Posted 19 March 2013 - 01:02 PM

Yea, I definitely spent the most time on that but then realized that it probably was not the type of problem that required arduous testing and maneuvering. I figured it required something more elegant. Something much simpler than what I was attempting. I tried a few things along those lines, and we'll see what happens.

Thanks, I'd love to be updated if he fills you in.

Your wording of "Taylor series" threw me off. It isn't a Taylor series — just a regular series with trig functions in it. However I thought maybe the solution when I glanced at it last night would be to Taylor expand each trig function. Its immediately obvious that this isn't how it works though because the coefficients of the series are powers of (1/2) whereas a Taylor expansion that has elegant simplification would use powers of (1/n)

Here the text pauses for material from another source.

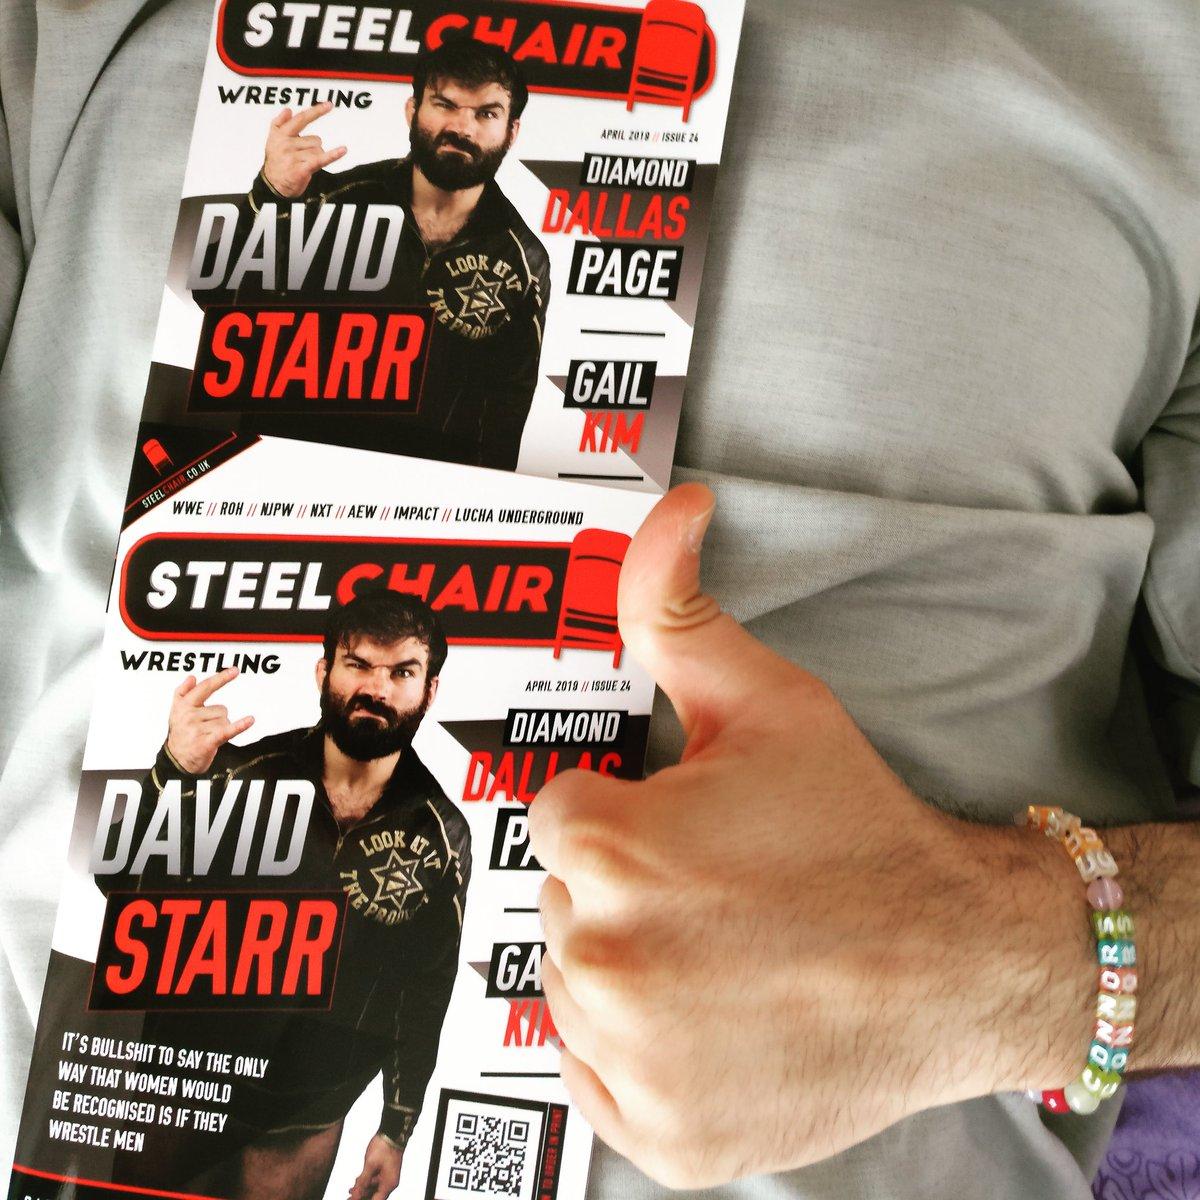 SteelChairMag photo

However, you should notice that since the coefficients are (1/2)^n and the trig functions are sin(nx) and cos(nx), there is a very obvious simplification of both series to a single series over the complex numbers.

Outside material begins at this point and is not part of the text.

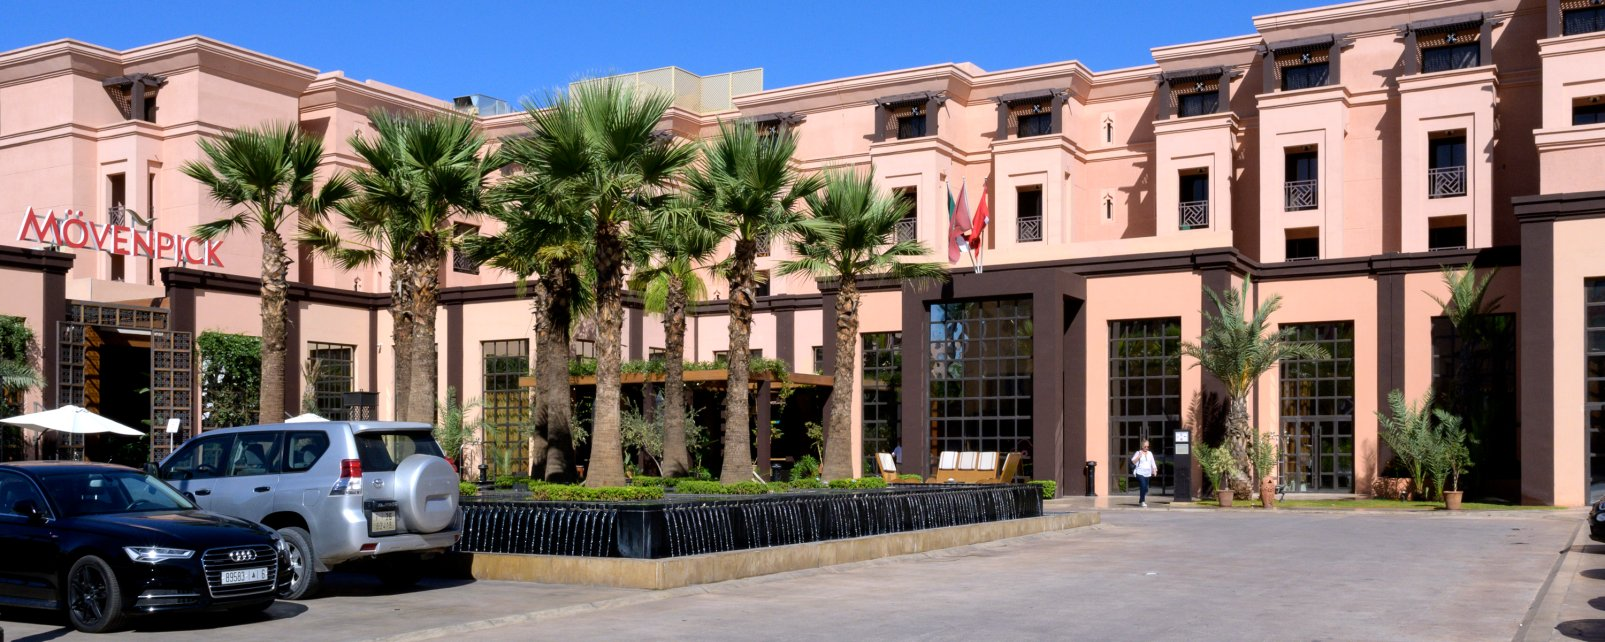 Hôtel Movempick Mansour Eddahbi

Hint: e^(ln(1/2)+ix)^n = e^(n*ln(1/2)+n*ix)

**Edited by Zorn's Lemma, 19 March 2013 - 01:03 PM.**

Kruger and Dunning (1999)

### #5

Posted 19 March 2013 - 08:55 PM

Your wording of "Taylor series" threw me off. It isn't a Taylor series — just a regular series with trig functions in it. However I thought maybe the solution when I glanced at it last night would be to Taylor expand each trig function. Its immediately obvious that this isn't how it works though because the coefficients of the series are powers of (1/2) whereas a Taylor expansion that has elegant simplification would use powers of (1/n)

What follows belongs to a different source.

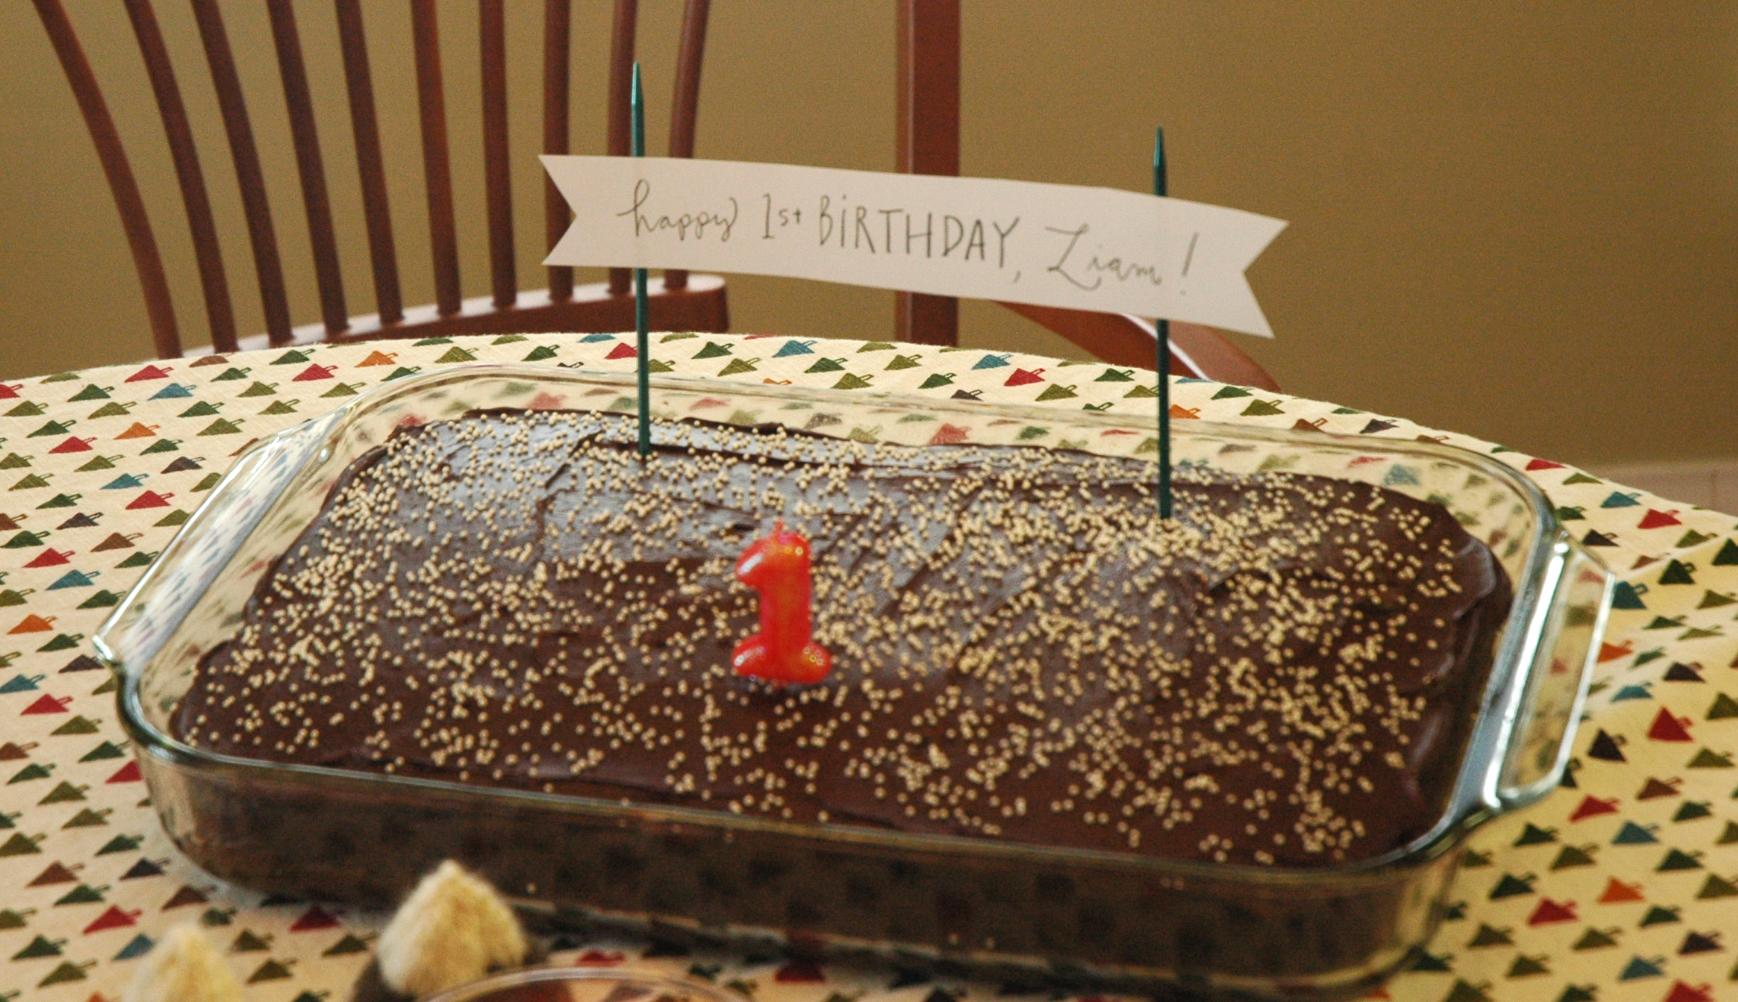 cake-1st

Yea, I originally tried to Taylor expand it, but stopped short when I realized that definitely was not plausible. Not sure why I worded it like that.

However, you should notice that since the coefficients are (1/2)^n and the trig functions are sin(nx) and cos(nx), there is a very obvious simplification of both series to a single series over the complex numbers.

Hint: e^(ln(1/2)+ix)^n = e^(n*ln(1/2)+n*ix)

Looking back on my notebook/worksheet from the test, I do actually have that jotted down. I;m happy you/your student got to that step as well. Hopefully I got this one.

Thanks!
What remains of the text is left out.